• WHAT YOU WILL DO
I need the lines below from the one with "Young couple romantic" down to the one with "handwritting word relax" reproduced exactly, both ends included, and nothing else.

DATASET ENTRIES START

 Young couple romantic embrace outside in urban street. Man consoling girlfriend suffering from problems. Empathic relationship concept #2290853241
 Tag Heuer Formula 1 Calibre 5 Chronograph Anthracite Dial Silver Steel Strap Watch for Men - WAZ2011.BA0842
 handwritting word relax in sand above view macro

DATASET ENTRIES END
DATASET ENTRIES START

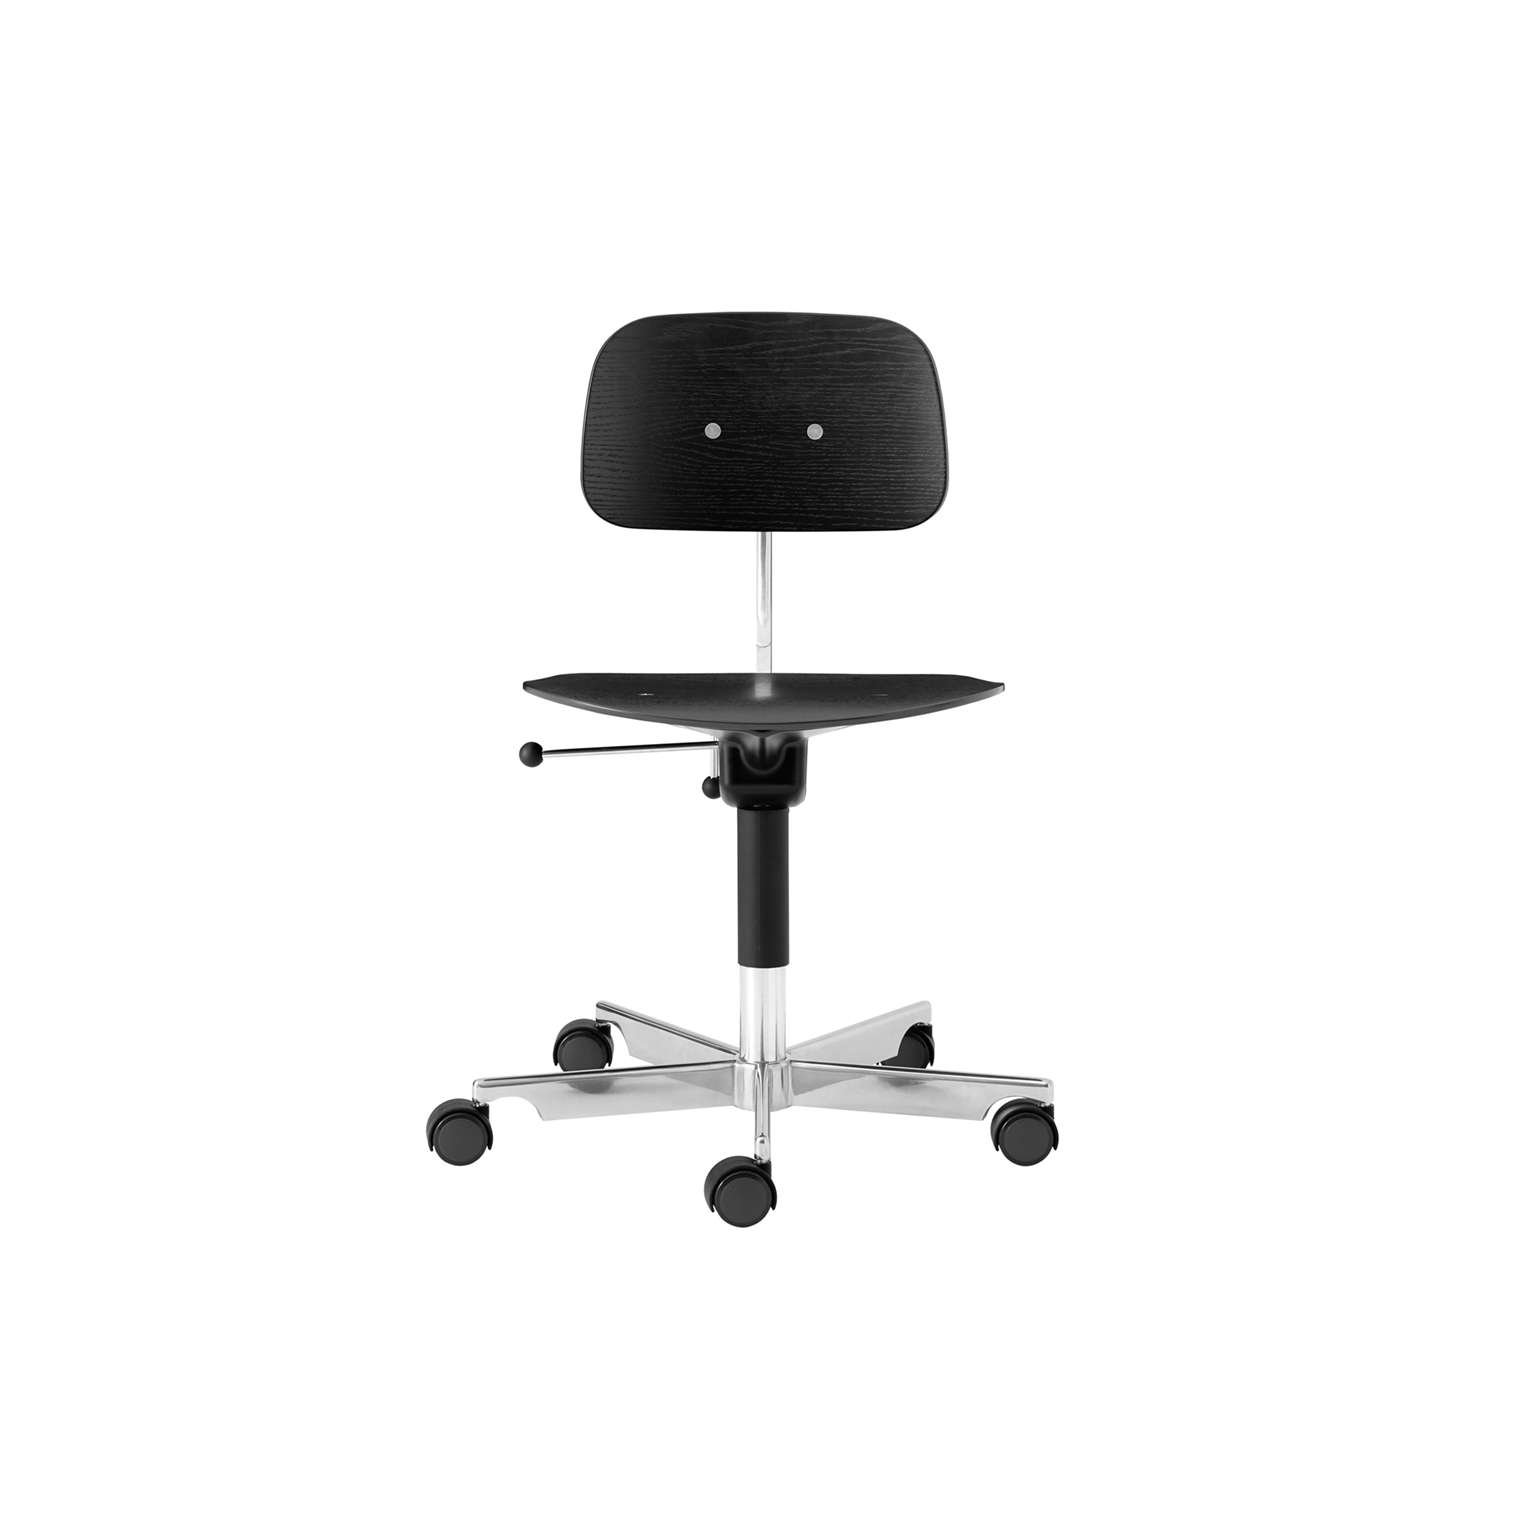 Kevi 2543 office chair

DATASET ENTRIES END
DATASET ENTRIES START

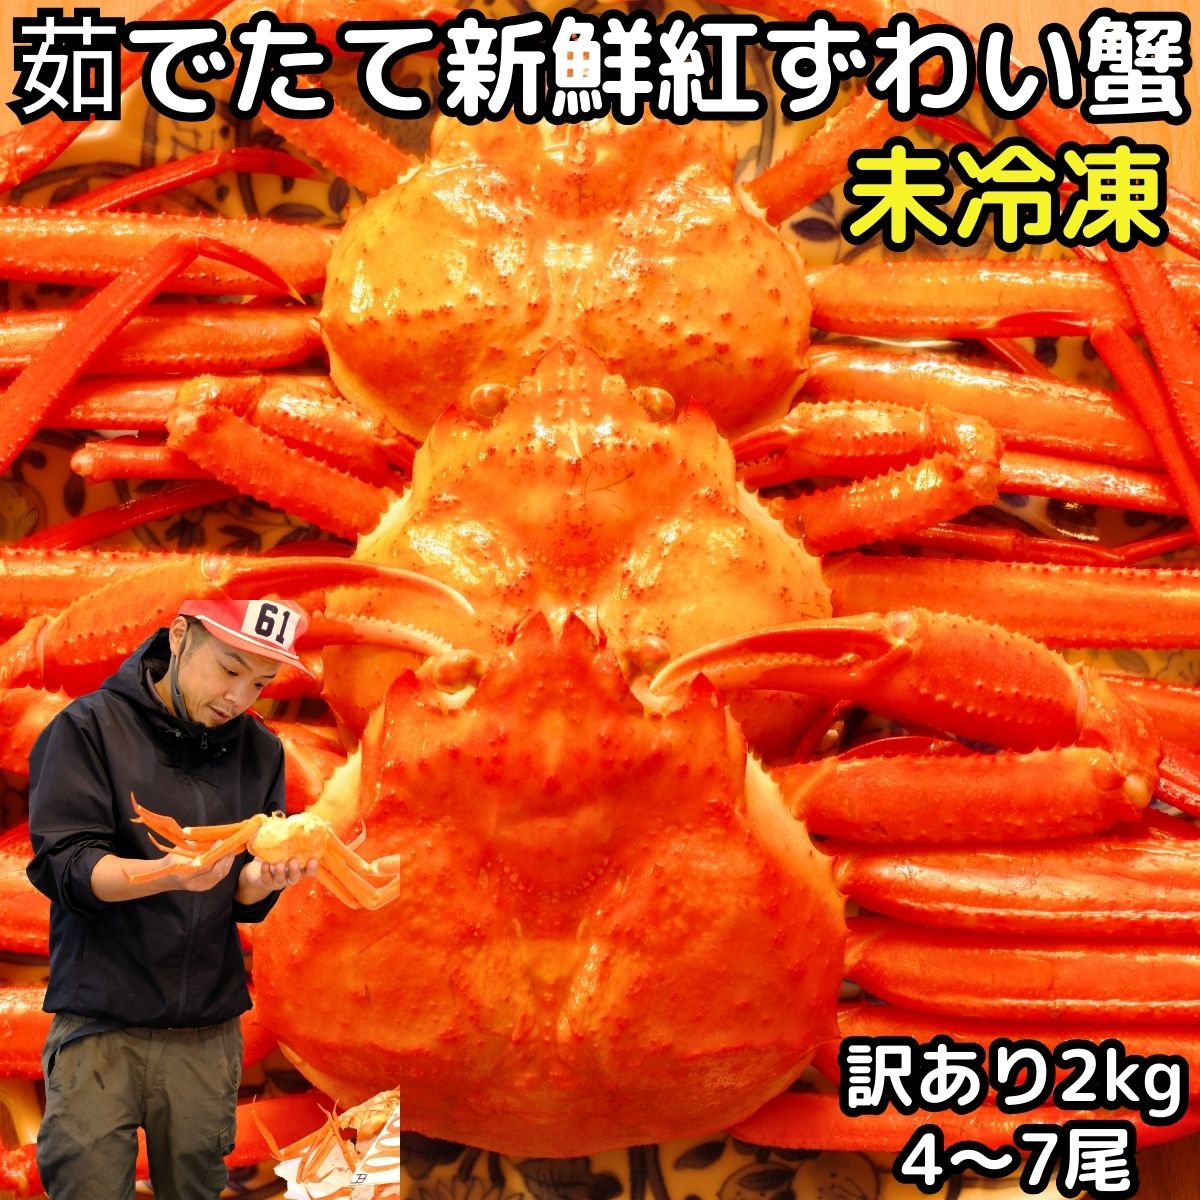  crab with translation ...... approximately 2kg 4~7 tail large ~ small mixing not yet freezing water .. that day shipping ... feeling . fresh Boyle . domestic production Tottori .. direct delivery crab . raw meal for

DATASET ENTRIES END

• RESPONSE AREA
 Young couple romantic embrace outside in urban street. Man consoling girlfriend suffering from problems. Empathic relationship concept #2290853241
 Tag Heuer Formula 1 Calibre 5 Chronograph Anthracite Dial Silver Steel Strap Watch for Men - WAZ2011.BA0842
 handwritting word relax in sand above view macro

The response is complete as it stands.